## WHAT IS NEEDED
Copy the data exactly, pictures aside.

## DATA BELOW

+++

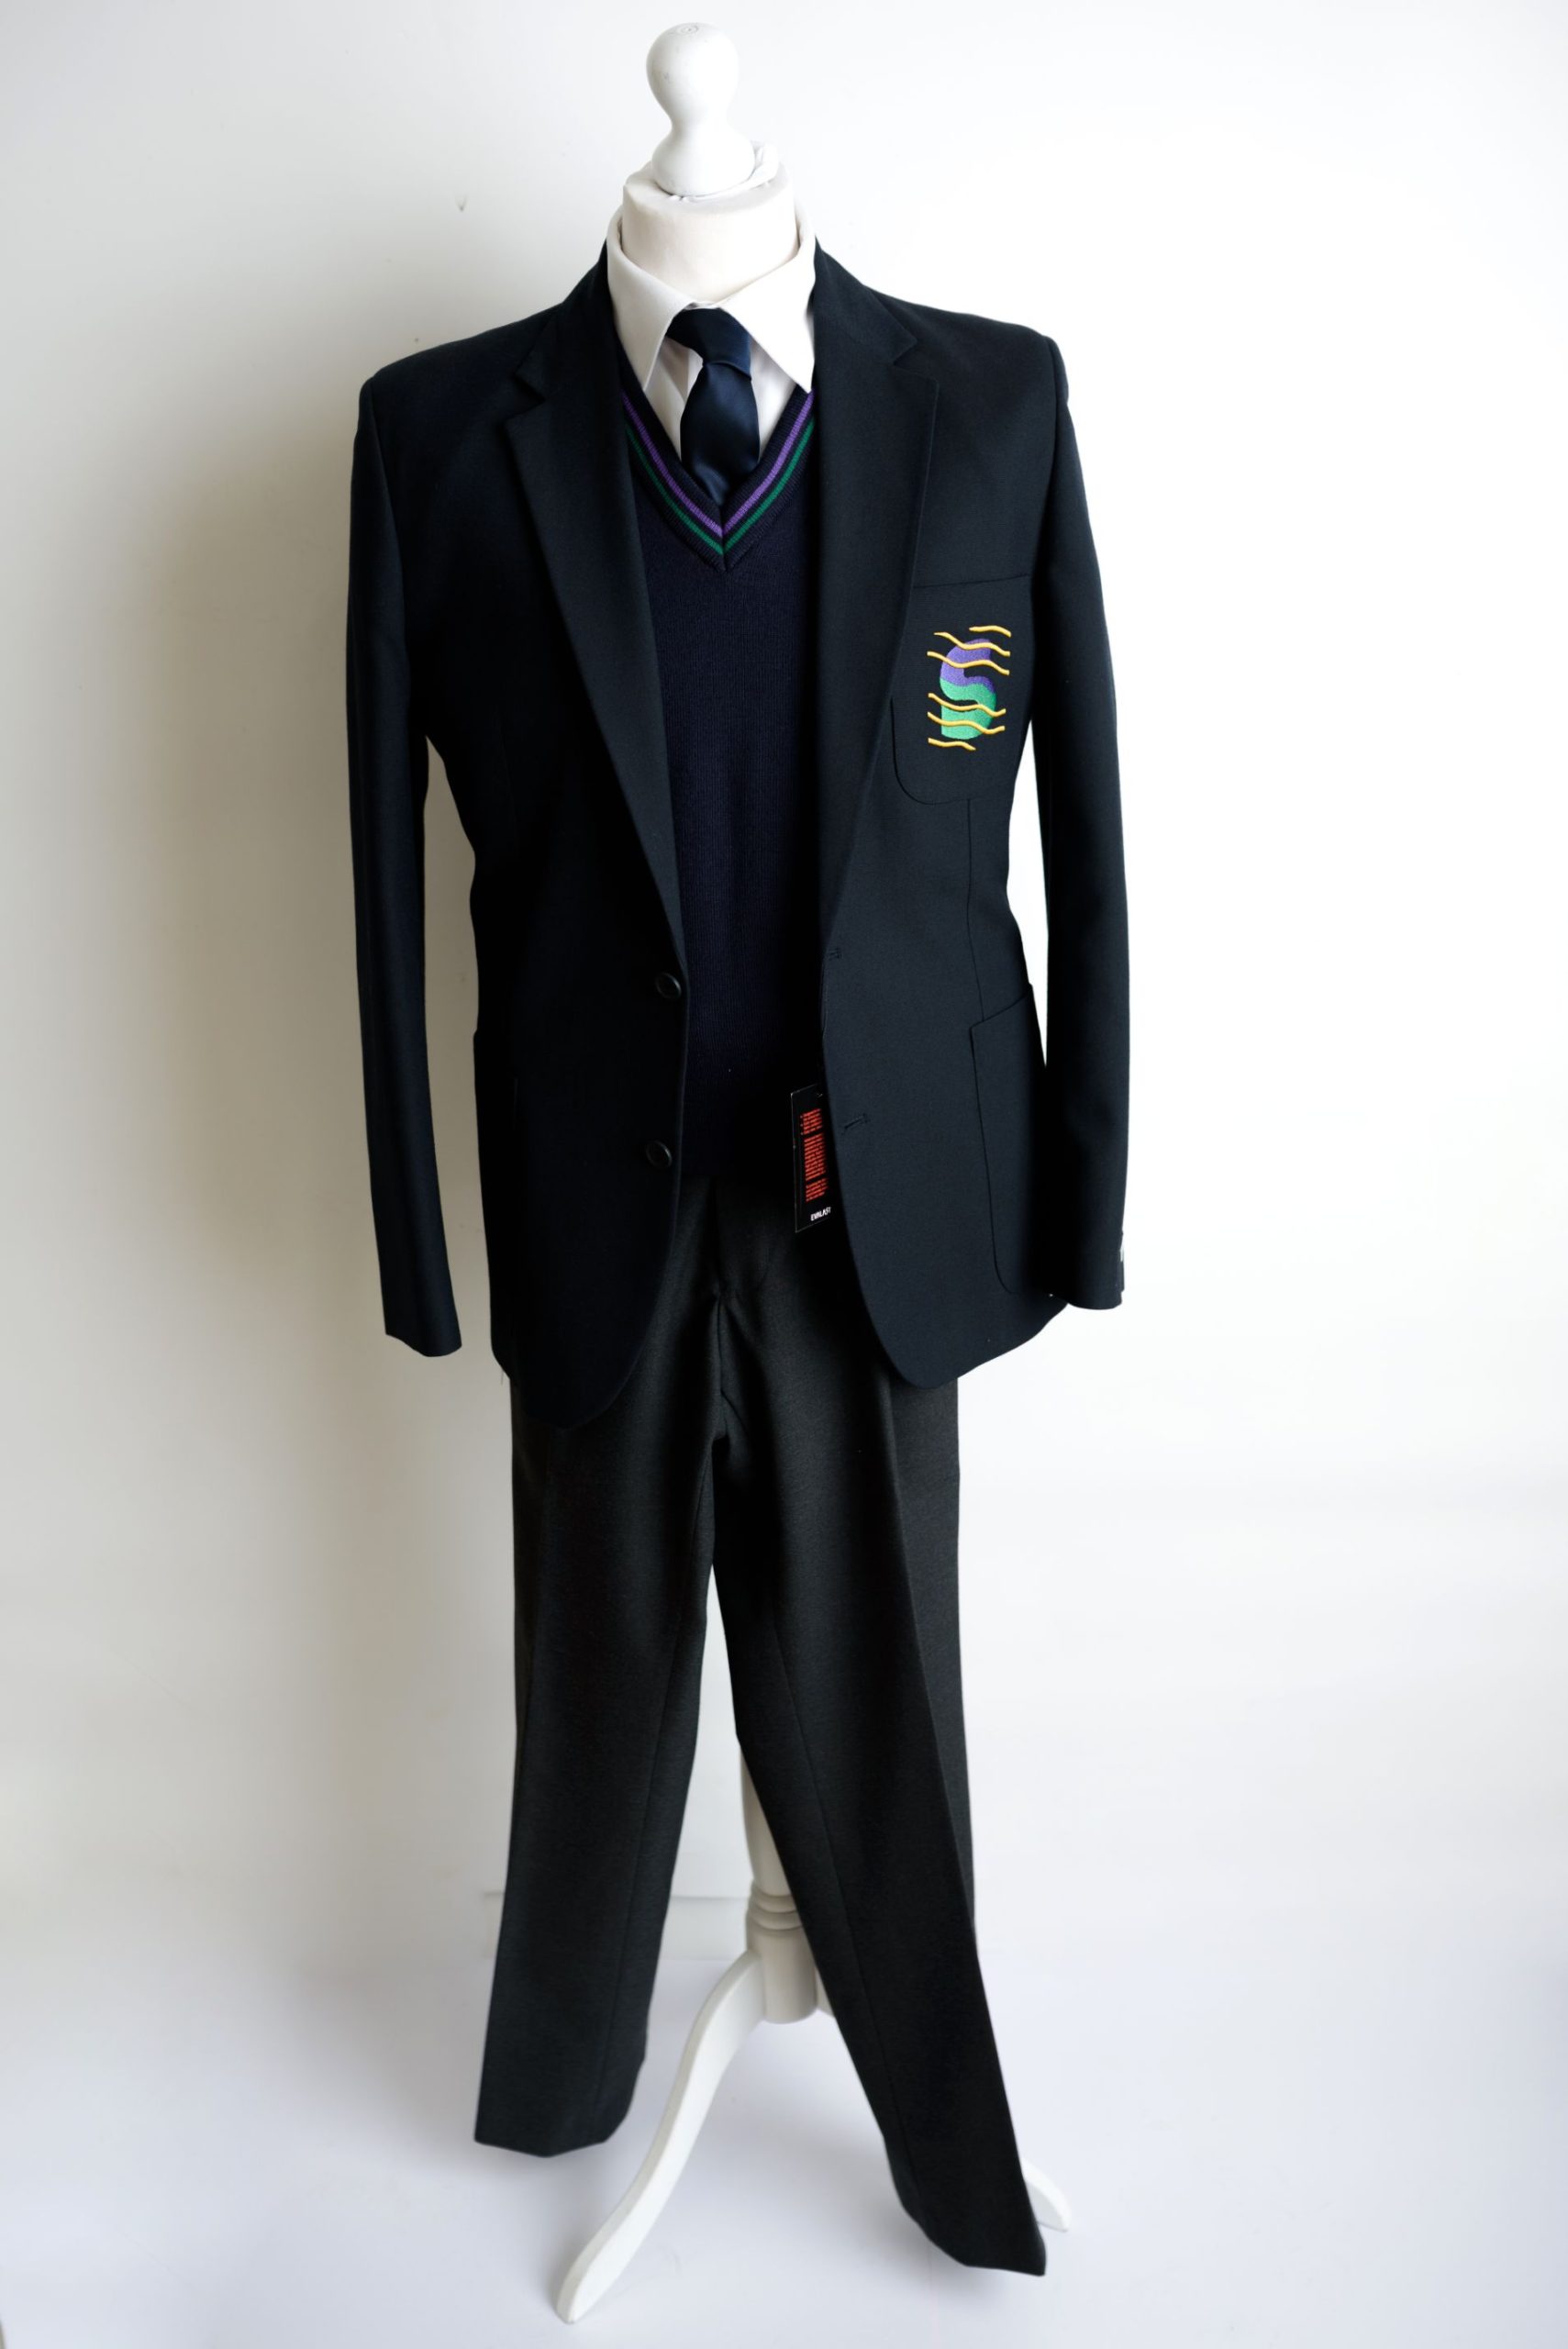 Shimna Integrated College boys uniform
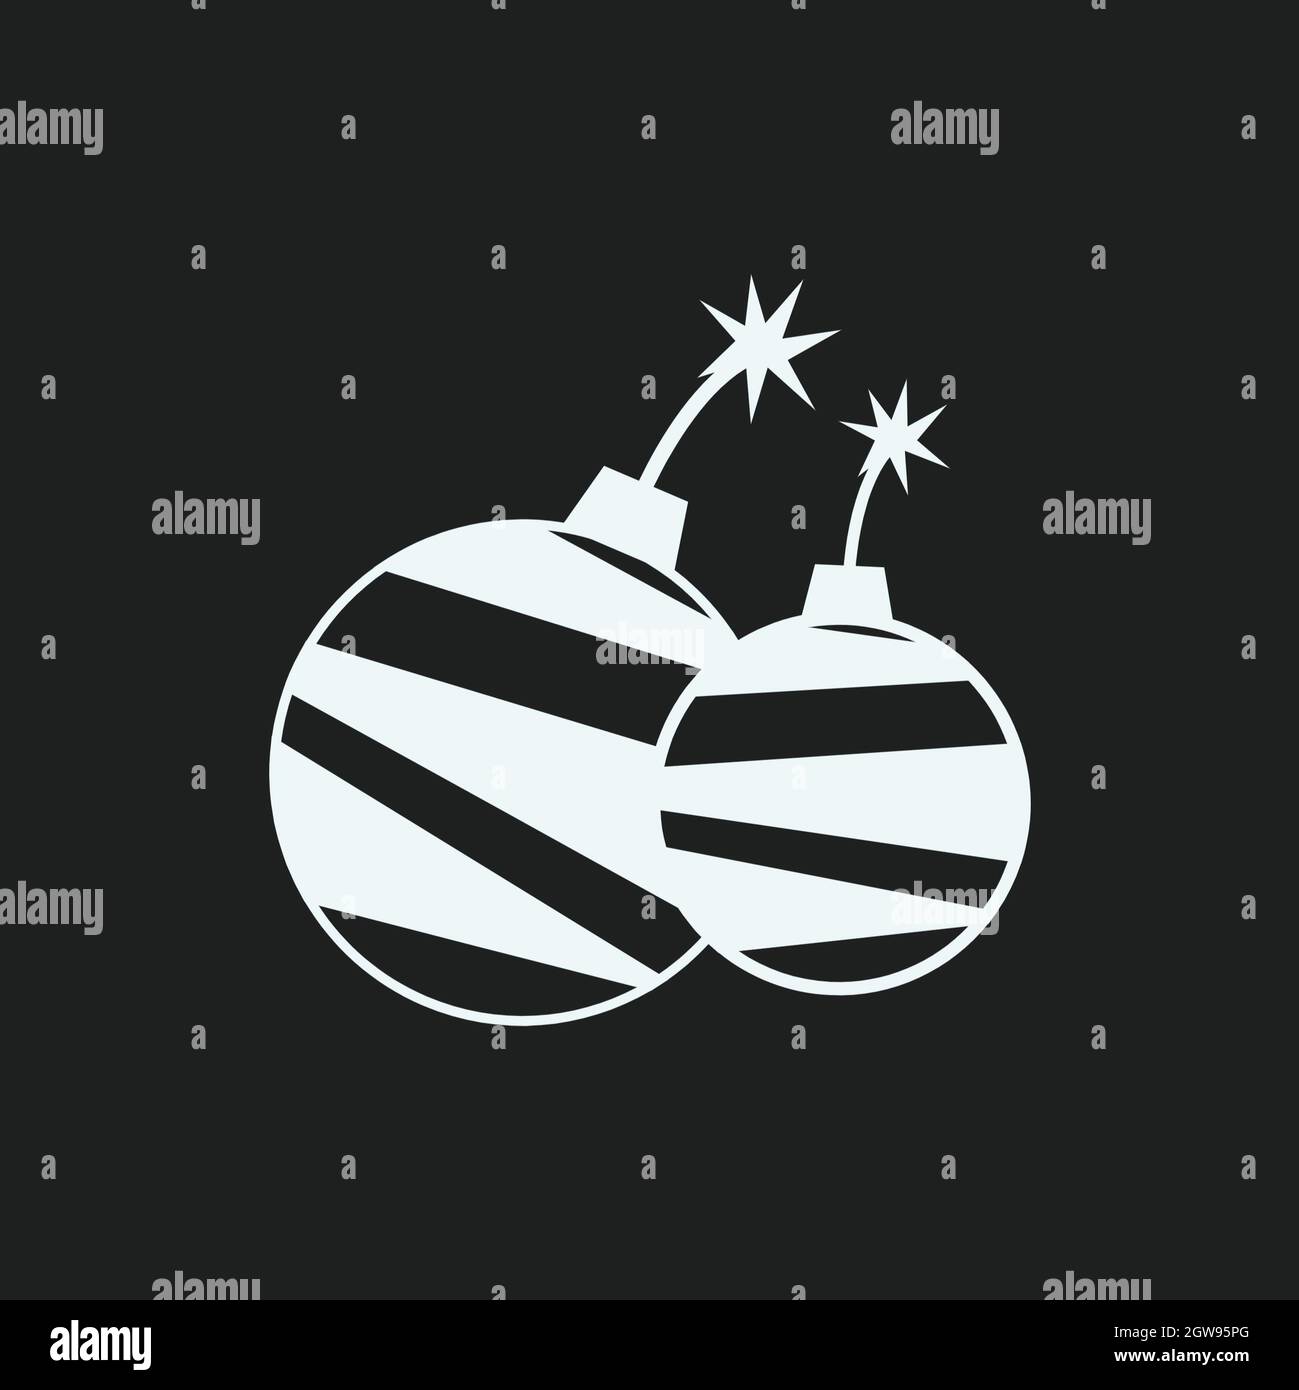 Bomb icon,vector illustration. Flat design style. vector bomb icon illustration isolated on Black background. Stock Photo
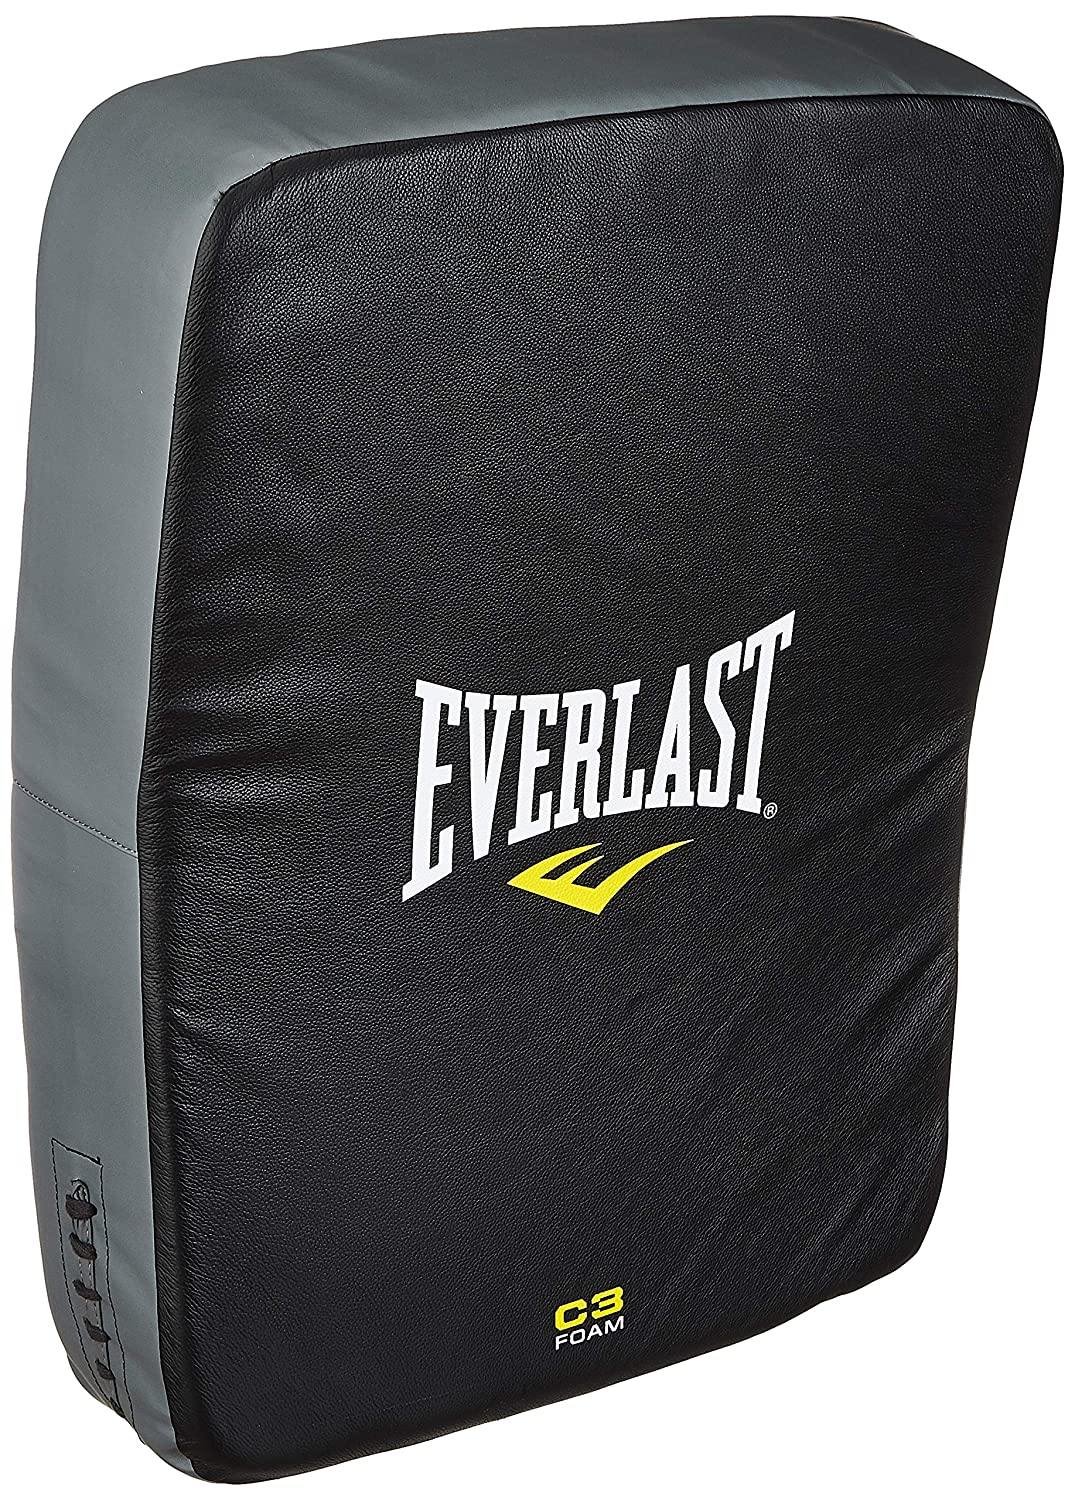 Everlast Boxing Pro Kick Shield Black/Grey - Best Price online Prokicksports.com

+++

## COMPLETED EXERCISE
 Shimna Integrated College boys uniform
 Bomb icon,vector illustration. Flat design style. vector bomb icon illustration isolated on Black background. Stock Photo
 Everlast Boxing Pro Kick Shield Black/Grey - Best Price online Prokicksports.com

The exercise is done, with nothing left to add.